说在前面
之前分享了微博的爬虫代码,因为这些大网站的反爬机制相对比较严格,说不准啥时候又不能用了也是很常见的情况。所以细节上的东西需要各位自己来调整了。这次分享我写的爬取百度贴吧帖子内容的爬虫。
上代码
import requests
from bs4 import BeautifulSoup
import re
import pymysql
import time
phone_pat = re.compile(r'([^\d]|^)(1[345789]\d{9})([^\d]|$)')
qq_pat = re.compile(r'([^\d]|^)([1-9]\d{4,9})([^\d]|$)')
weixin_pat = re.compile(r'(微信|微|卫星|Vx|VX|vX|vx|xv|XV|V|v|联系我|加)[^a-zA-Z0-9]*?([a-zA-Z][a-zA-Z0-9_-]{5,19})')
#weixin_pat = re.compile(r'([^a-zA-Z0-9]|^)([a-zA-Z][a-zA-Z0-9_-]{5,19})([^a-zA-Z0-9]|$)')
lzl_pat = re.compile(r'回复.*:([^:]+)')
def sql_commit(sql):
try:
cursor.execute(sql)
con.commit()
except Exception as e:
con.rollback()
# print(e,sql)
def get_phone(text):
res = phone_pat.search(text)
if res:
r = res.group(2)
insert_sql1 = "insert into phone_list(`phone_no`,`come_from`,`url`) values ('{}','戒赌吧','{}')".format(r,insert_url)
sql_commit(insert_sql1)
def get_qq(text):
res = qq_pat.search(text)
if res:
r = res.group(2)
insert_sql2 = "insert into qq_list(`qq`,`come_from`,`url`) values ('{}','戒赌吧','{}')".format(r,insert_url)
sql_commit(insert_sql2)
def get_weixin(text):
res = weixin_pat.search(text)
if res:
r = res.group(2)
insert_sql3 = "insert into weixin_list(`weixin`,`come_from`,`url`) values ('{}','戒赌吧','{}')".format(r,insert_url)
sql_commit(insert_sql3)
def get_pagenum(obj):
try:
page_obj = obj.find('li',class_ = 'l_reply_num')
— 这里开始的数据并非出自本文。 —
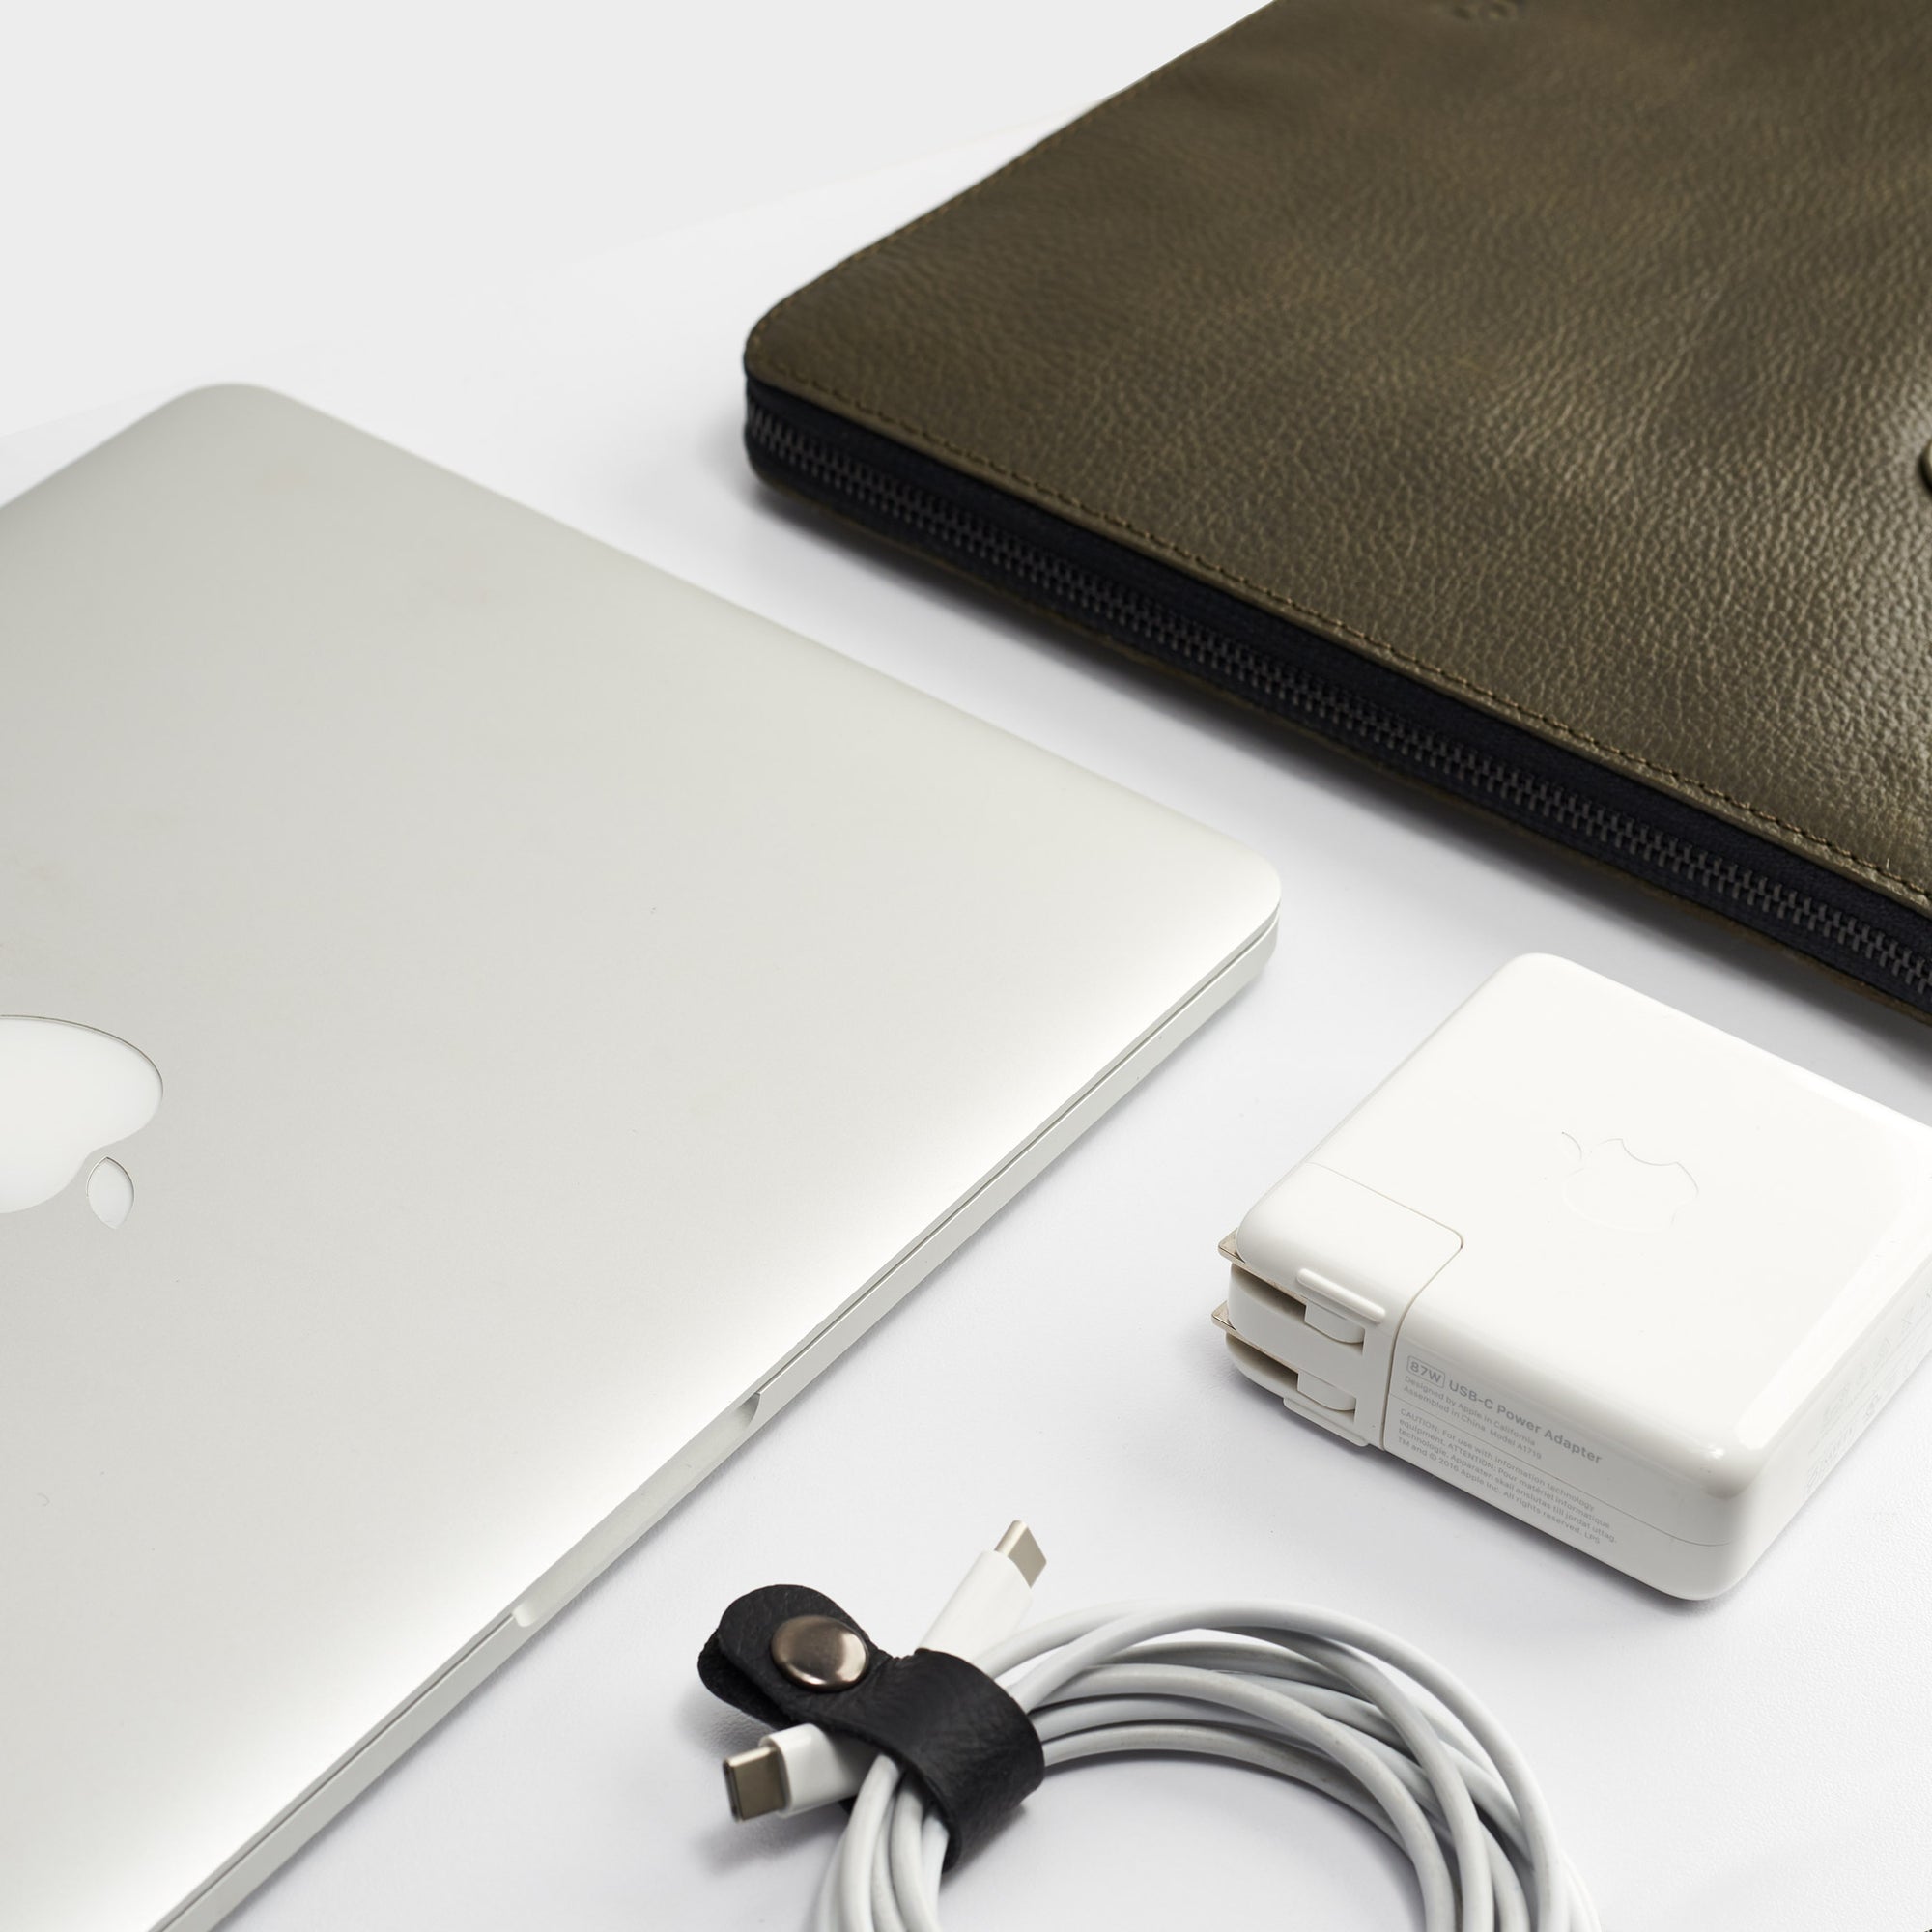 Apple accessories. Green Leather Laptop Portfolio Case. Laptops & devices Bag.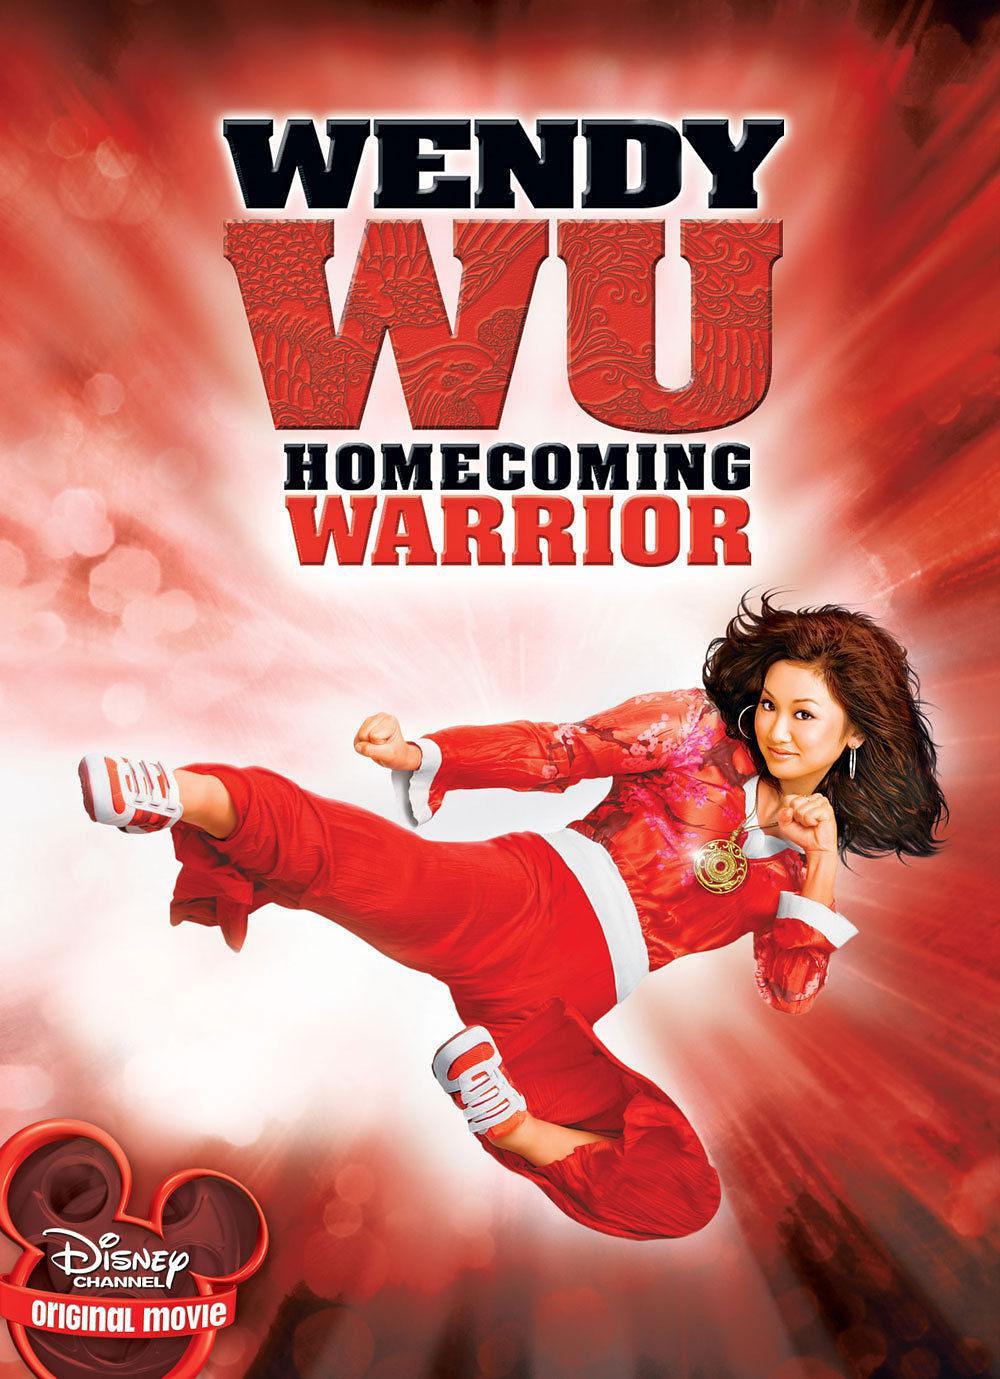 舞会战士 Wendy.Wu.Homecoming.Warrior.2006.1080p.AMZN.WEBRip.DDP5.1.x264-TrollHD 9.24GB-1.png

page_max = page_obj.contents[2].get_text()
except:
page_max = 0
return int(page_max)
def get_huifu(obj):
huifu_list = obj.find_all('div', class_="d_post_content j_d_post_content ")
for h in huifu_list:
h_text = h.get_text()
get_phone(h_text)
get_qq(h_text)
get_weixin(h_text)
def retry_visit(web):
retry_flag = 0
success_flag = 0
while success_flag == 0 and retry_flag < 10:
try:
response = s.get(web)
success_flag = 1
except:
retry_flag += 1
print('正在重试第%d次' % retry_flag)
time.sleep(10)
if retry_flag == 10:
print('访问已被禁止,程序将报错退出')
return response
def get_lzl(url):
lzl = retry_visit(url)
lzl = lzl.json()
lzl2 = lzl['data']['comment_list']
for l in lzl2:
for ll in lzl2[l]['comment_info']:
c = ll['content']
res_lzl = lzl_pat.search(c)
if res_lzl:
lzl_text = res_lzl.group(1)
else:
lzl_text = c
get_phone(lzl_text)
get_qq(lzl_text)
get_weixin(lzl_text)
if __name__ == '__main__':
ua = 'Mozilla/5.0 (Windows NT 10.0; WOW64) AppleWebKit/537.36 (KHTML, like Gecko) Chrome/51.0.2704.106 Safari/537.36'
headers = {'User-Agent': ua}
s = requests.Session()
s.headers.update(headers)
con = pymysql.connect(host="localhost", user="root", password="root", db="blacklist", charset="utf8mb4", port=3306)
cursor = con.cursor()
tieba_url = 'https://tieba.baidu.com'
fid = '615140'
page = 0
while page < 100000:
url = 'https://tieba.baidu.com/f?kw=%E6%88%92%E8%B5%8C&ie=utf-8&pn=' + str(page)
html = retry_visit(url)
#html.encoding = 'utf8mb4'
obj = BeautifulSoup(html.content,'html.parser')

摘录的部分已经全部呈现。